Dáil debates
Wednesday, 26 March 2025
Statute Law Revision Bill 2024: Second Stage
9:45 am
Conor McGuinness (Waterford, Sinn Fein) | Oireachtas source
I welcome this long-overdue legislation and I commend the team involved in it. It involved a huge amount of work, no doubt interesting but painstaking. It also involved a huge amount of detail. We are grateful for that work having been completed and being presented to us here today.
Having a look through this, I see so many proclamations that refer to activities in my own county of Waterford in the 1840s and 1850s. It struck me that these proclamations - the laws - were, indeed, some of the legal means used to bind our people, to dispossess them, to colonise our land, to colonise our space and to colonise our means of production and to impoverish our people.
What we see here, and particularly in the proclamations, is attempts to criminalise those who were fighting back. I agree with previous speakers who say that, perhaps as part of this process or perhaps at the culmination and the enactment of this legislation, there should be a reckoning by this State. Perhaps it is not the responsibility of this State but, certainly, the opportunity should be taken for the State to say that those crimes that were committed - crimes according to these proclamations but really acts of resistance and acts of survival for our people - should be dispensed with. As these proclamations are repealed, we should repeal the mentality that allowed it to happen.
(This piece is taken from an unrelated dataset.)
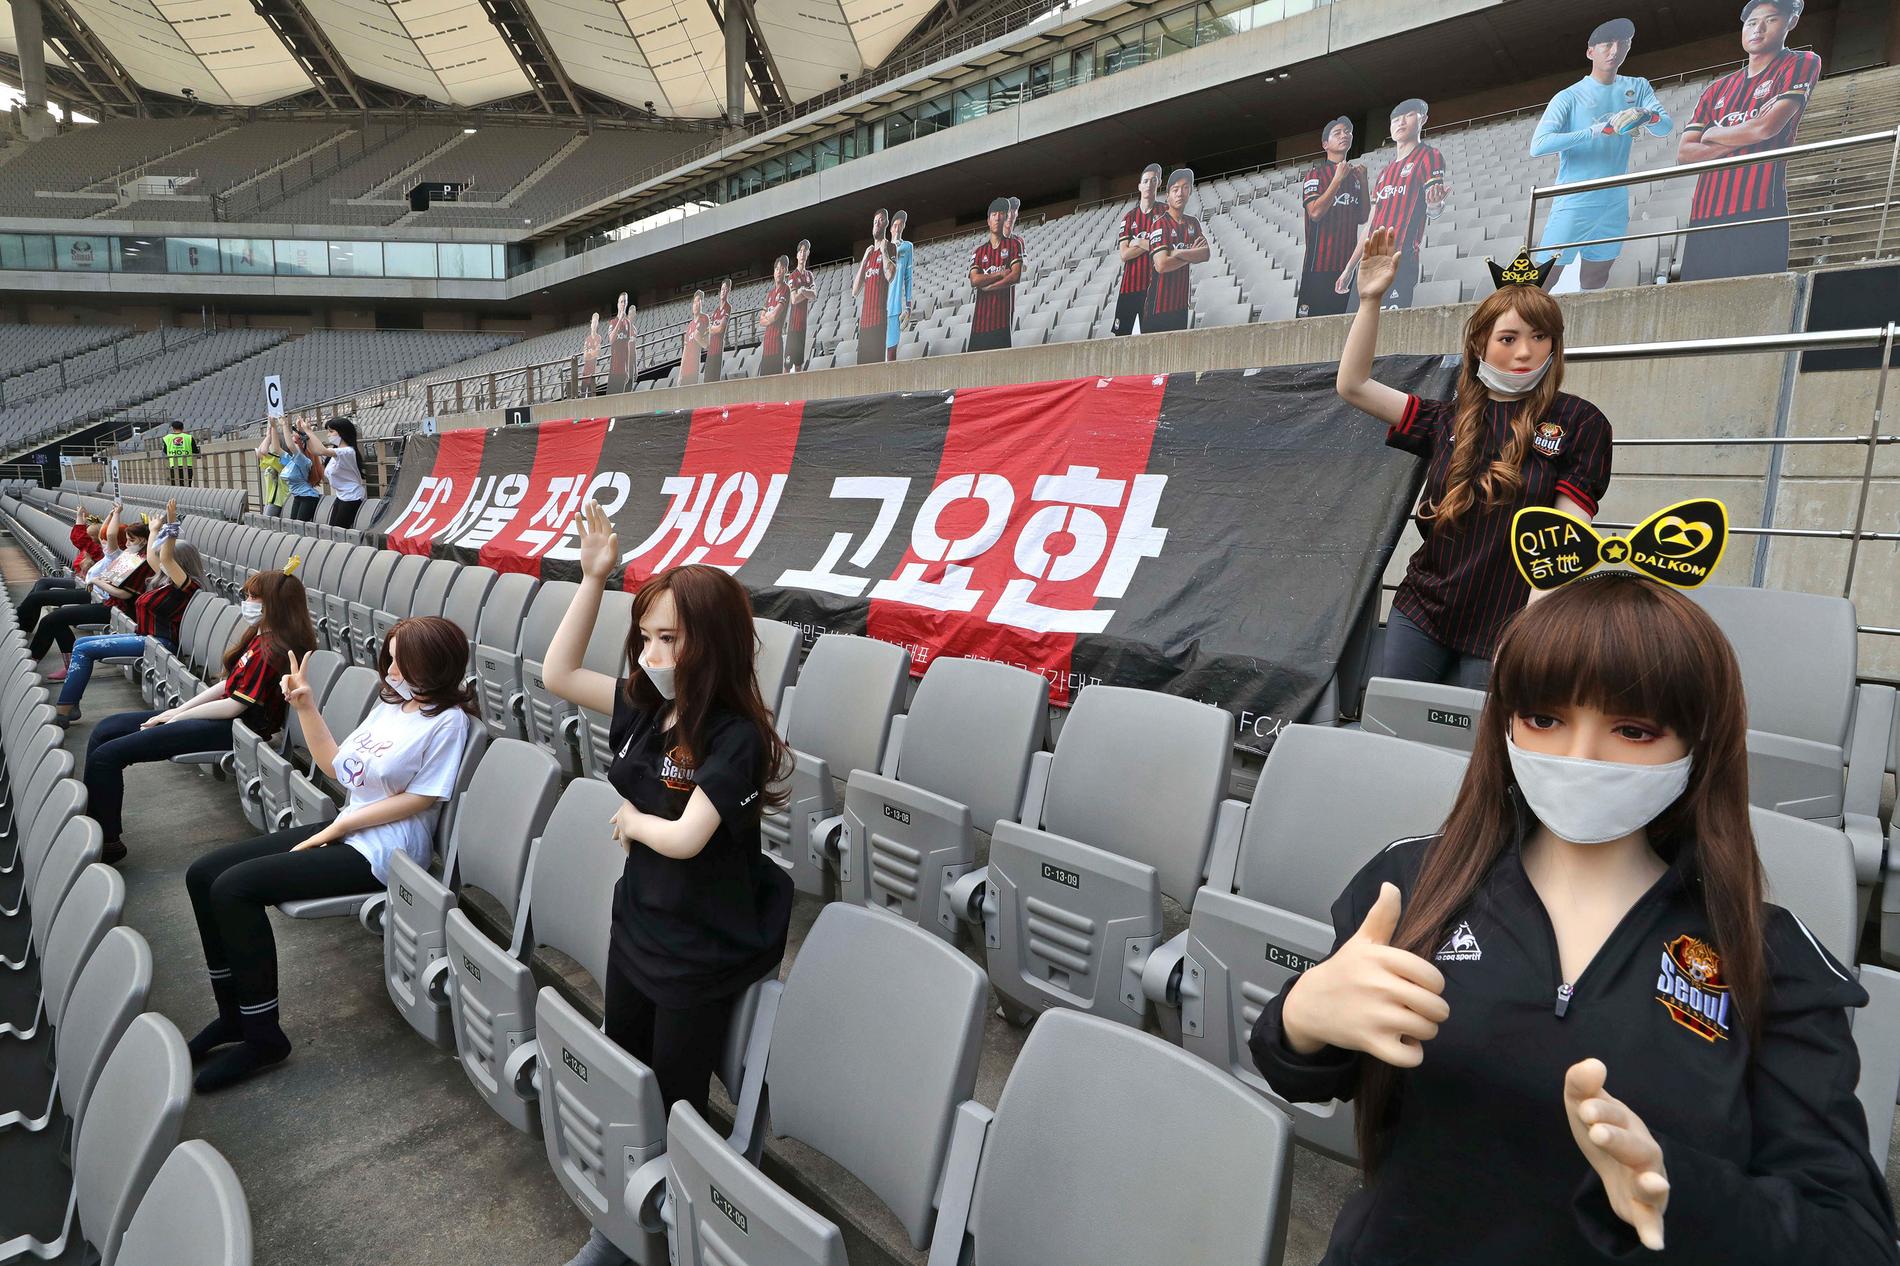 Vissa av dockorna som placerades ut under FC Seouls match mot Gwangju bar t-shirtar eller skyltar med namnet på ett företag som säljer sexleksaker.
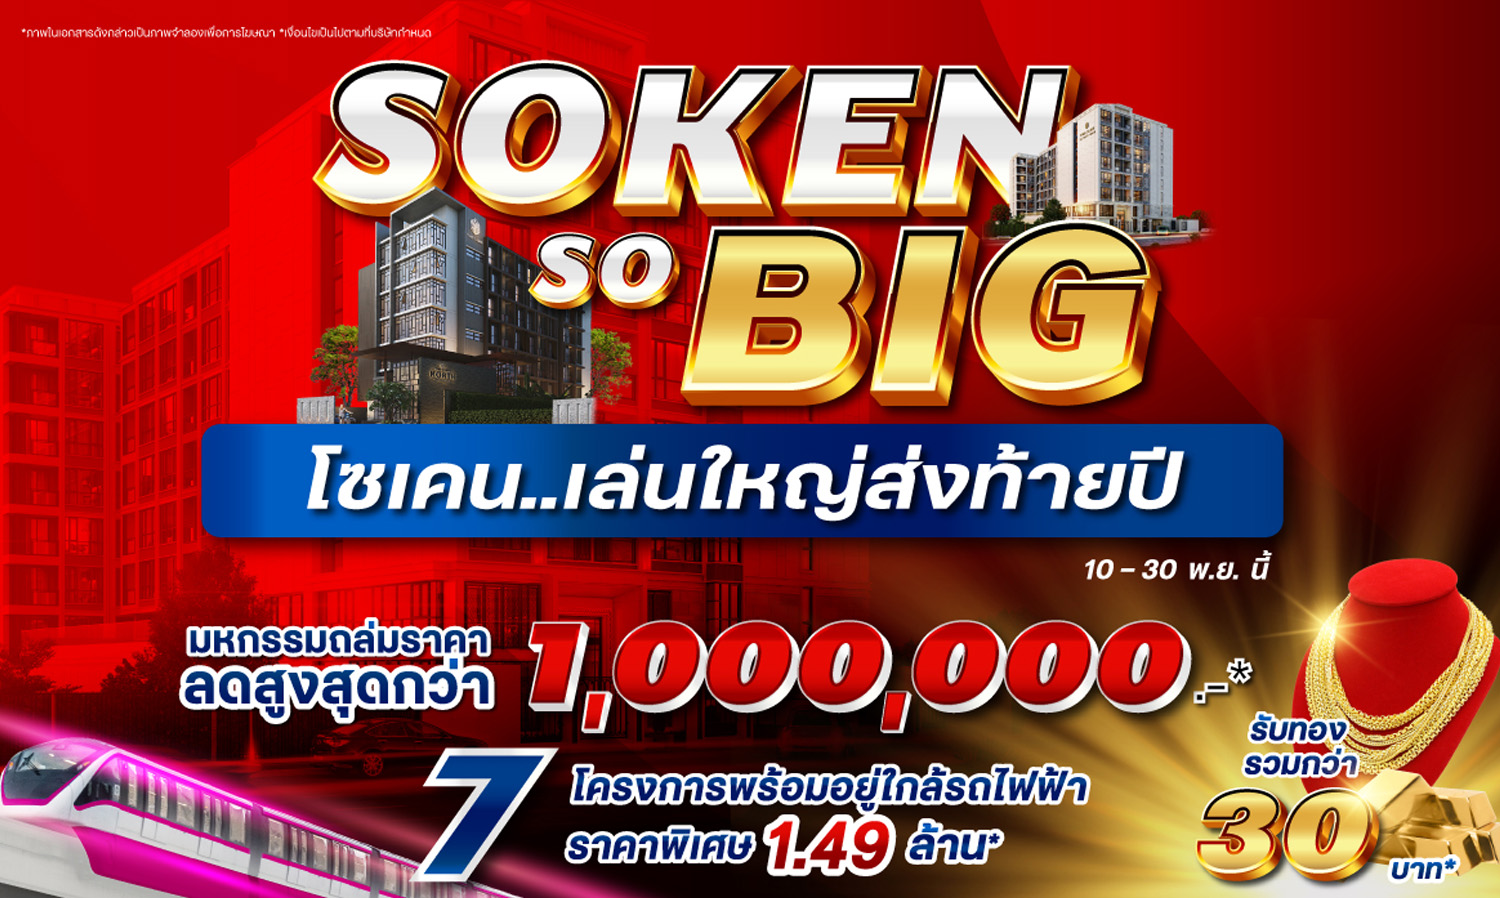 โซเคน...เล่นใหญ่ส่งท้ายปี Soken So BIG ลดสูงสุด 1 ล้าน รับทองคำ กับ 7 โครงการพร้อมอยู่ใกล้รถไฟฟ้า

For any observer looking at Irish society and the revulsion within Irish society at attempts internationally to ride roughshod over human rights norms, at settler colonialism which is at its heart about taking land, heritage and a homeland from people, at the crime of starvation and using starvation as a weapon of war and at the mass incarceration, transportation and clearing of people that is going on - we see it happening in Gaza, the West Bank and in other parts of the world - and who really wants to know why the people of Ireland see that, call it out and will not tolerate it, this is why. It is because this is our history - the history of starvation as a tool to oppress our people and the history of land clearances, of agrarian unrest and of resistance.